*Task goal*
Without changing a word, copy every line of the listing below and leave out the images.

*Dataset excerpt*
== == ==
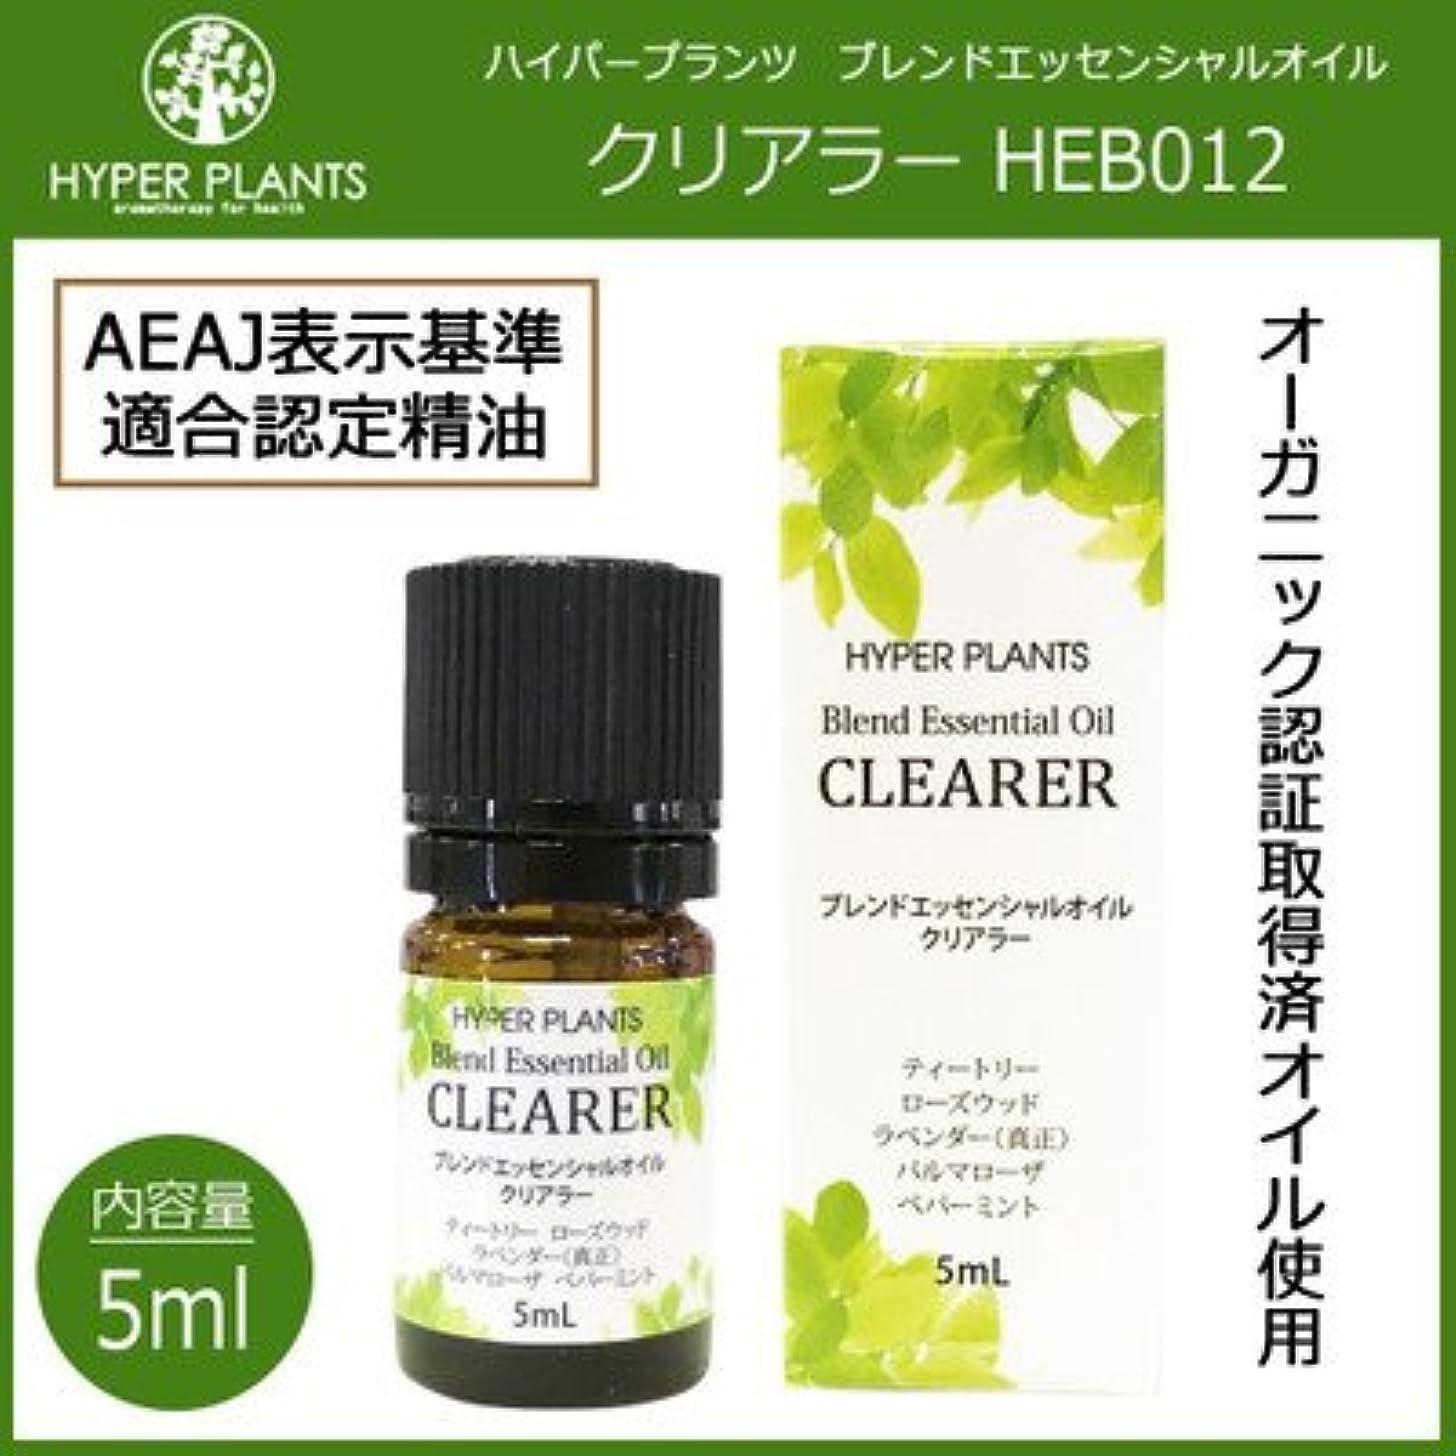 現実プラカードドロー毎日の生活にアロマの香りを HYPER PLANTS ハイパープランツ ブレンドエッセンシャルオイル クリアラー 5ml HEB012
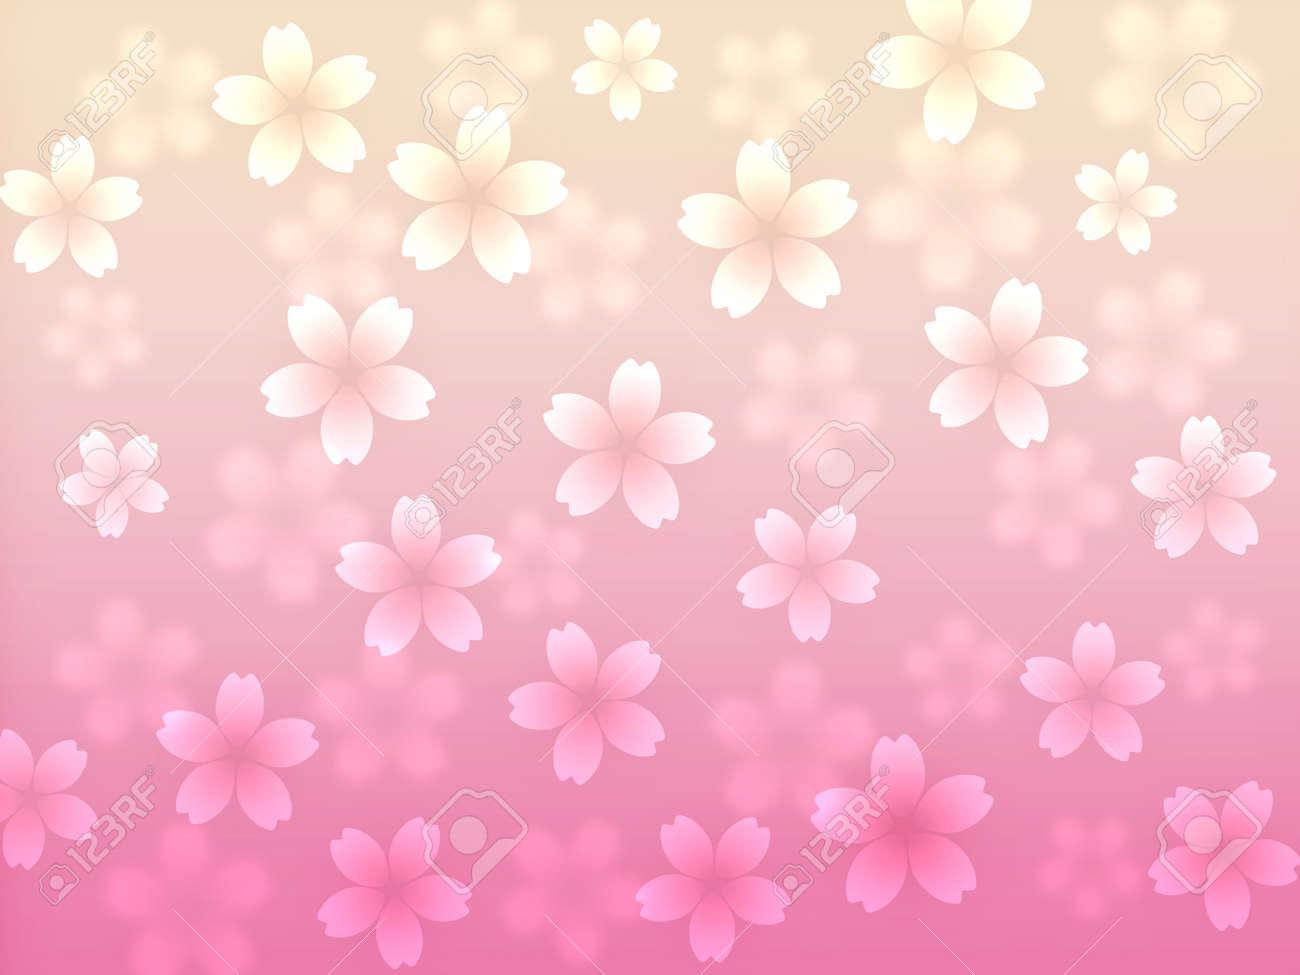 抽象的な桜背景イラスト ロイヤリティーフリーフォト、ピクチャー、画像
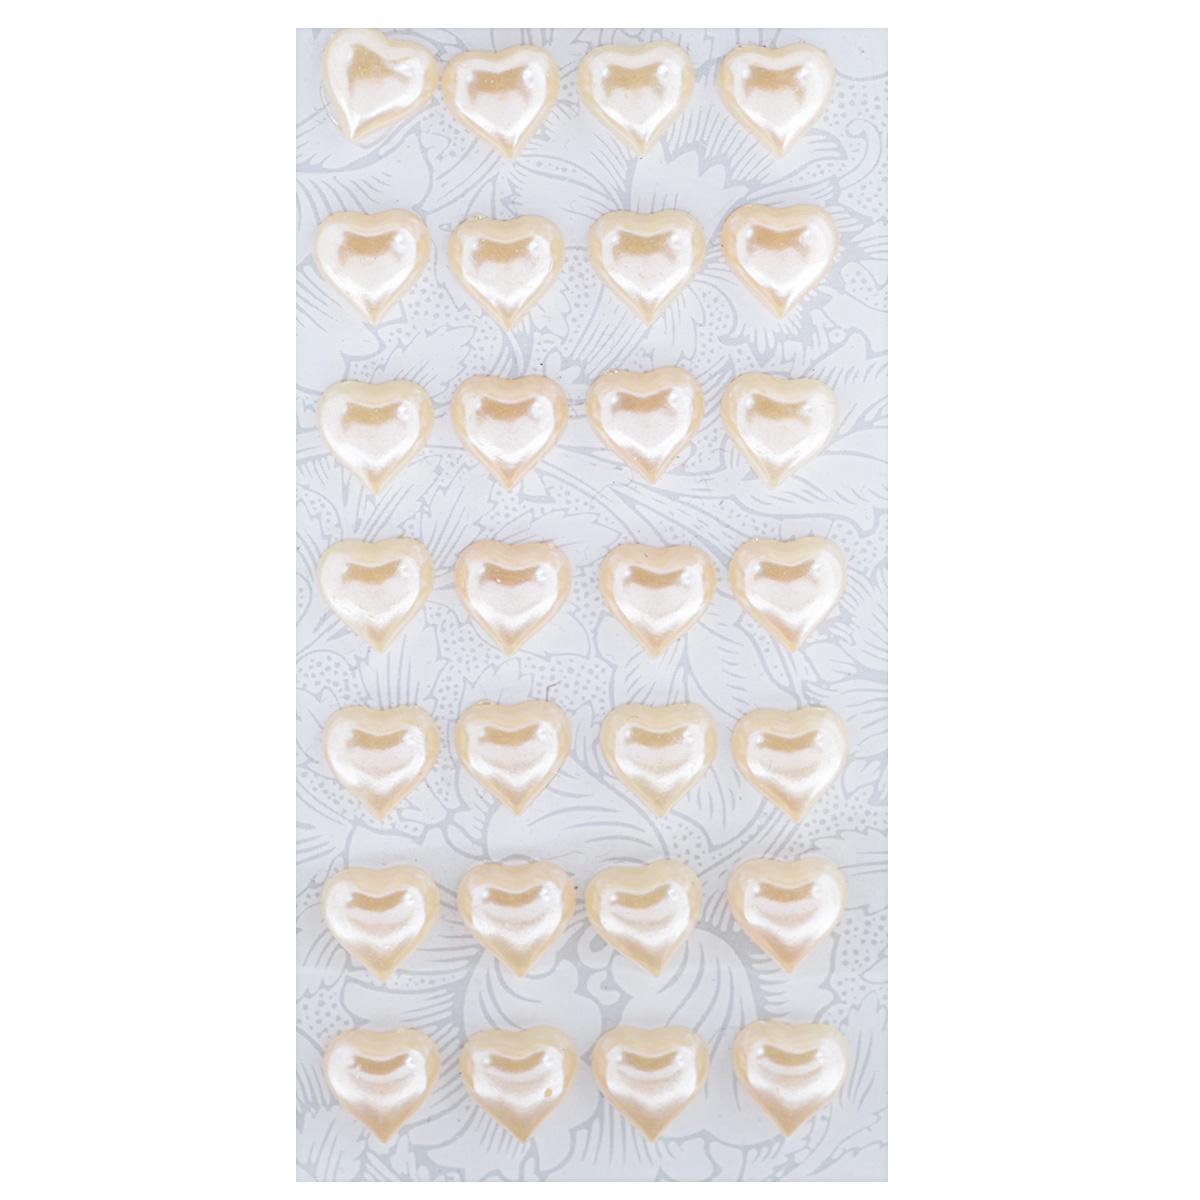 Наклейки декоративные Астра, цвет: бежевый (16), 12 мм х 12 мм, 28 шт7704132_16Декоративные наклейки Астра, изготовленные из пластика, прекрасно подойдут для оформления творческих работ в технике скрапбукинга. Их можно использовать для украшения фотоальбомов, скрап-страничек, подарков, конвертов, фоторамок, открыток и т.д. Объемные наклейки, выполненные в форме сердец, оснащены задней клейкой стороной. Скрапбукинг - это хобби, которое способно приносить массу приятных эмоций не только человеку, который этим занимается, но и его близким, друзьям, родным. Это невероятно увлекательное занятие, которое поможет вам сохранить наиболее памятные и яркие моменты вашей жизни, а также интересно оформить интерьер дома. Размер наклейки: 12 мм х 12 мм.
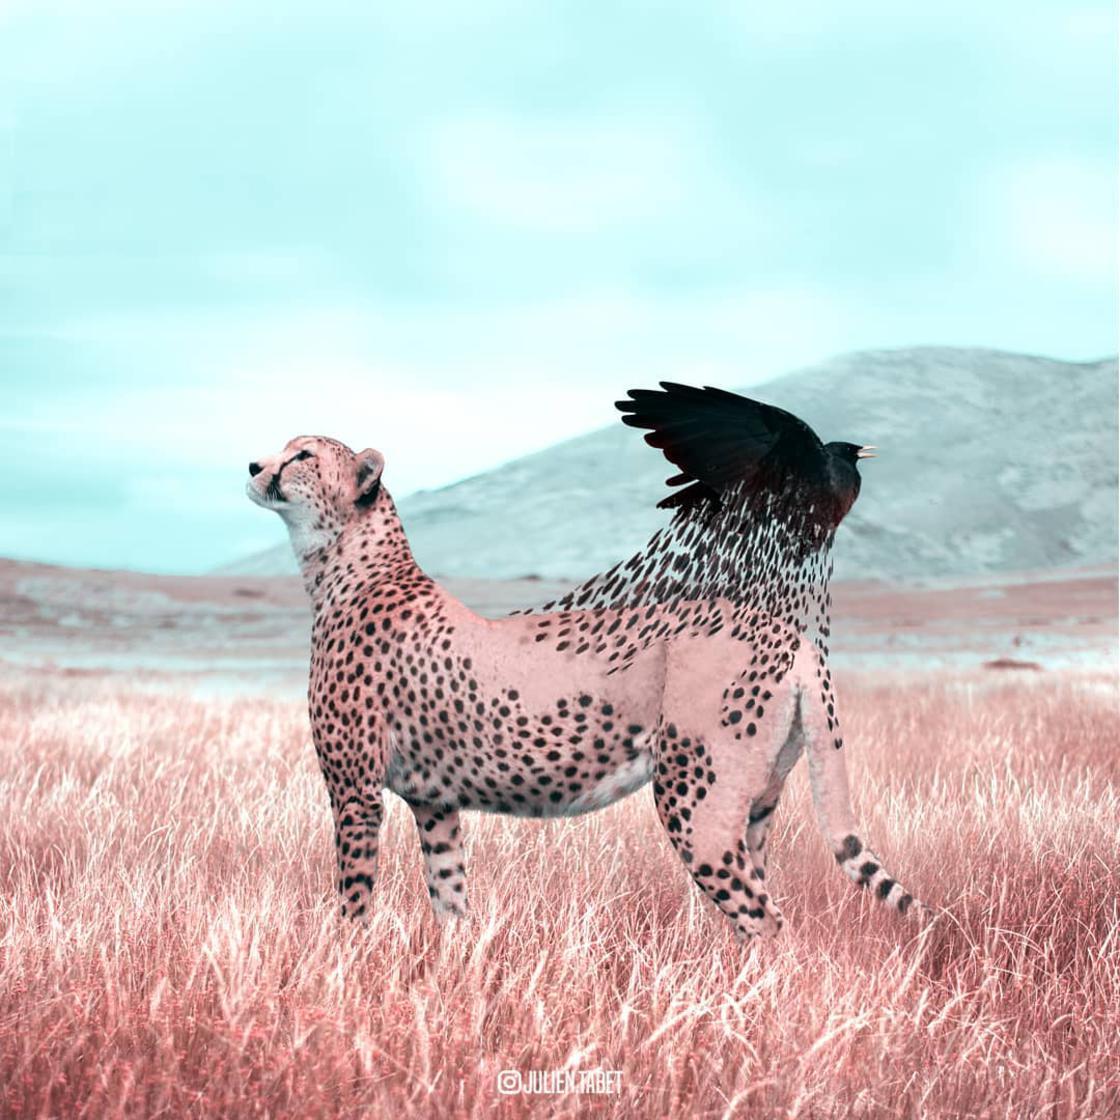 animaux-fantastiques-julien-tabet-18.jpg
== == ==
*Exercise output*
 現実プラカードドロー毎日の生活にアロマの香りを HYPER PLANTS ハイパープランツ ブレンドエッセンシャルオイル クリアラー 5ml HEB012
 抽象的な桜背景イラスト ロイヤリティーフリーフォト、ピクチャー、画像
 Наклейки декоративные Астра, цвет: бежевый (16), 12 мм х 12 мм, 28 шт7704132_16Декоративные наклейки Астра, изготовленные из пластика, прекрасно подойдут для оформления творческих работ в технике скрапбукинга. Их можно использовать для украшения фотоальбомов, скрап-страничек, подарков, конвертов, фоторамок, открыток и т.д. Объемные наклейки, выполненные в форме сердец, оснащены задней клейкой стороной. Скрапбукинг - это хобби, которое способно приносить массу приятных эмоций не только человеку, который этим занимается, но и его близким, друзьям, родным. Это невероятно увлекательное занятие, которое поможет вам сохранить наиболее памятные и яркие моменты вашей жизни, а также интересно оформить интерьер дома. Размер наклейки: 12 мм х 12 мм.
 animaux-fantastiques-julien-tabet-18.jpg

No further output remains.